Passivation and Oiling
What is passivation?
- A chemical or electrochemical passivation treatment is normally applied to the surface of electrolytic tinplate. The principal purpose of the treatment is to stabilise the surface and thus to inhibit the growth of tin oxide on the surface. Excessive oxide can produce discoloration in prolonged storage and especially during stoving operations associated with lacquering or printing.
- The passivation treatment is applied to the strip in the electrolytic tinplate line after flow brightening and before oiling. The treatment consists of passing the strip through an aqueous chemical solution, with or without applied current.
- The most commonly applied treatment uses a sodium dichromate solution with applied current, the strip being negative. An alternative treatment comprises a simple dip, without current, in a similar solution or in a chromic acid solution. A cathodic treatment in sodium carbonate solution is occasionally used when milk products are packed and there are other treatments which may be used from time to time, but are non standard and not available from every supplier.
- Normally, unless otherwise agreed by the purchaser, the first of the above treatments, viz. cathodic sodium dichromate, is applied. Many tinplate producers adopt a numerical code to define passivation treatments. A typical system is one based on a three digit code. Where the first digit is used to indicate the solution used (1 - chromic acid, 2 – chromate phosphate, 3 – sodium dichromate, 4 – sodium carbonate.), the second digit refers to the polarity of the tinplate in the solution (0 – non-electrolytic, 1 – cathodic, 2 – cathodic/anodic) and the third digit refers loosely to the coulomb level employed.

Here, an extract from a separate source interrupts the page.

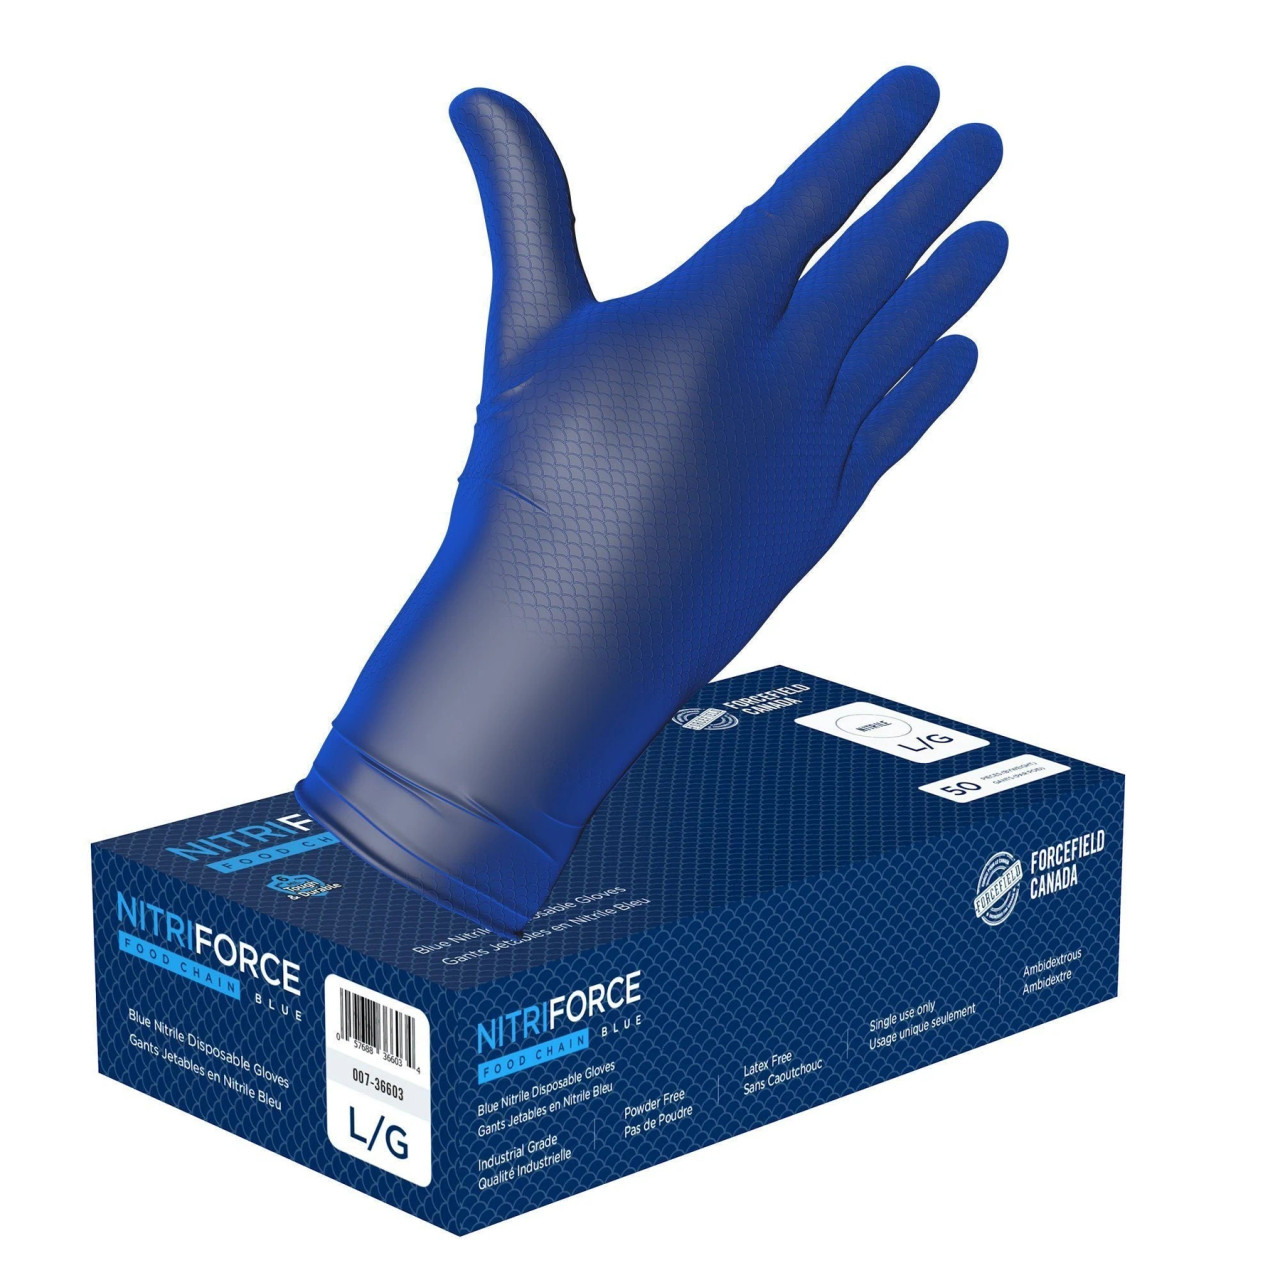 NitriForce 007-36603 Foodchain Textured Nitrile Disposable Gloves Large (Case of 500 Gloves)

- Culomb is The basic unit of electric charge, equal to the quantity of charge transferred in one second by a steady current of one ampere, and equivalent to 6.2415 × 1018 elementary charges, where one elementary charge is the charge of a proton or the negative of the charge of an electron.
Oiling
- Electrolytic tinplate normally carries a very thin coating of oil, in order to facilitate the separation of sheets or wraps of a coil. The oil must be of a type that is acceptable for use in food packaging. The materials in most common use are dioctyl sebacate (DOS), butylstearate (BSO) or acetyl tributyl citrate (ATBC). Whilst not normally specified when ordering, the oil film is usually in the range 0.0025 to 0.0099 g/m2 of surface.